Ce Macrinia est la relation d'une conversation entre Grégoire et sa sœur Macrine qui, nous dit Grégoire, mourut le lendemain. Elle se situe après la mort de Basile (379). Nous avons ici une contrepartie chrétienne du Phédon de Platon . Les idées de Macrine sont évidemment celles de Grégoire de Nysse.

Toutes les autres œuvres dogmatiques de Grégoire sont dirigées contre des hérésies. La plus importante comprend quatre traités. C'est le Contre Eunome.

  • Contre Eunome

Ces quatre traités sont une réfutation de l'arianisme. Les deux premiers furent lus au Concile de Constantinople (en 381) devant Grégoire de Nazianze et Jérôme. Grégoire de Nysse était en effet le chef théologique de l'assemblée. L’œuvre est aussi une défense de la pensée théologique de Basile (trois premiers traités, le quatrième réfute la profession de foi d'Eunome).

  • Les autres œuvres dogmatiques

Pour les autres œuvres dogmatiques, que nous ne citons pas toutes, voici un résumé des idées défendues :

Deux traités réfutent l'apollinarisme qui accusait l'Église de prétendre qu'il y avait deux Fils de Dieu. Grégoire insiste sur l'union des deux natures dans le Christ.

Quatre traités défendent la doctrine trinitaire : le Père, le Fils et l'Esprit sont trois modes d'être, trois relations d'un être un et identique.

Un de ces traités est la Lettre 189 de Saint Basile de Césarée - donc faussement attribuée à Basile. Elle défend, comme une autre œuvre de Grégoire de Nysse (le Sermo de Spiritu Sancto), la divinité du Saint-Esprit.

Citons enfin un dialogue avec un philosophe païen contre le fatalisme astrologique : le Contra Fatum.

2. Ouvrages exégétiques

  • Deux ouvrages importants sur la Création : La Création de l'homme (De opificio hominis) et L'explication du récit des six jours (Explicatio apologetica in Hexameron) :

Le premier est un cadeau de Pâques à son frère Pierre dans lequel Grégoire complète l'Hexameron de Basile. « Que la gloire qui vient des disciples ne fasse pas défaut au maître », y dit Grégoire.

Le deuxième en est la suite directe. Comme Basile s'interdisait de s'écarter du sens littéral, Grégoire renonce ici à l'allégorie, présente partout ailleurs dans son œuvre.

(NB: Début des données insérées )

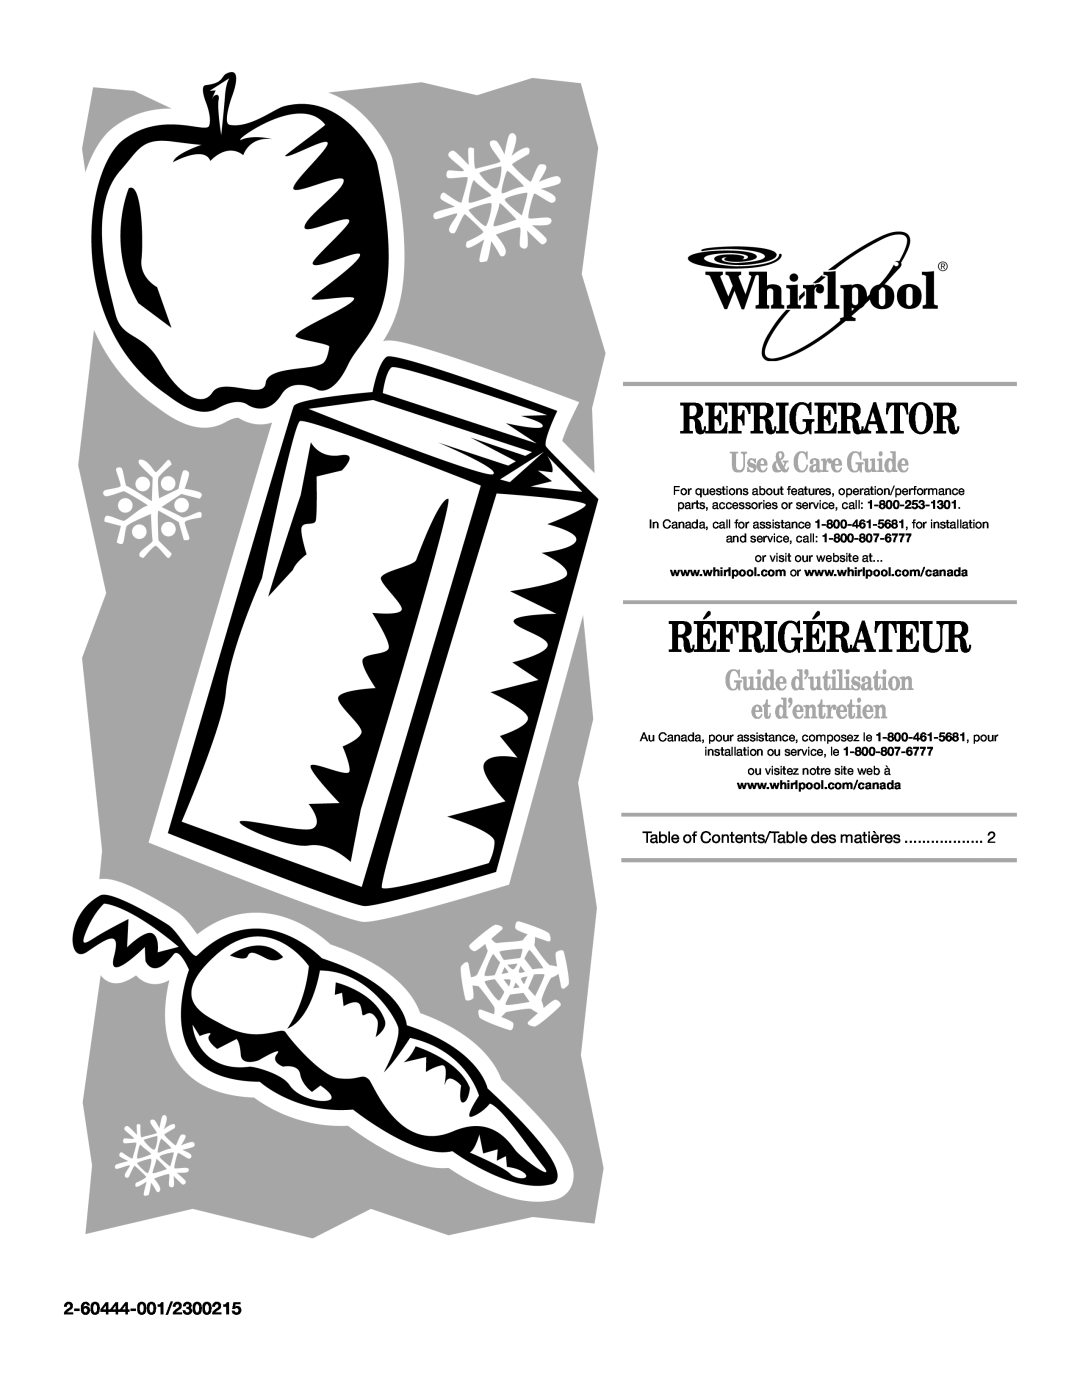 Whirlpool EL7ATRRMQ00 manual Refrigerator, Réfrigérateur, Use & Care Guide, Guide d’utilisation et d’entretien

Les autres œuvres sont toutes des œuvres ascétiques ou mystiques, sauf le petit écrit sur la sorcière d’Endor (De pythonissa) où Grégoire affirme que la sorcière ne vit pas Samuel lui-même mais un démon.

  • La Vie de Moïse : nous la retiendrons parmi les œuvres monastiques.
  • Sur les Inscriptions des psaumes : les cinq livres des psaumes représentent autant de degrés sur l'échelle vers la perfection et leurs titres ont une signification allégorique destinée à notre profit spirituel.
  • Huit homélies sur l’Ecclésiaste : le renoncement conduit les sens à un monde de paix. Ce livre est destiné à élever l'esprit au-dessus des sens.
  • Quinze homélies sur le Cantique des cantiques - éloge d'Origène et défense de son interprétation spirituelle. Le Cantique des cantiques figure l'union nuptiale entre Dieu et l'âme (Origène insistait davantage sur l'aspect ecclésial).
  • Sur l'oraison dominicale : cinq homélies. Le thème majeur est l'image divine dans l'âme humaine.
  • Sur les béatitudes : huit homélies sur les degrés ascendants des béatitudes.
  • Deux homélies sur la 1ère Épître aux Corinthiens.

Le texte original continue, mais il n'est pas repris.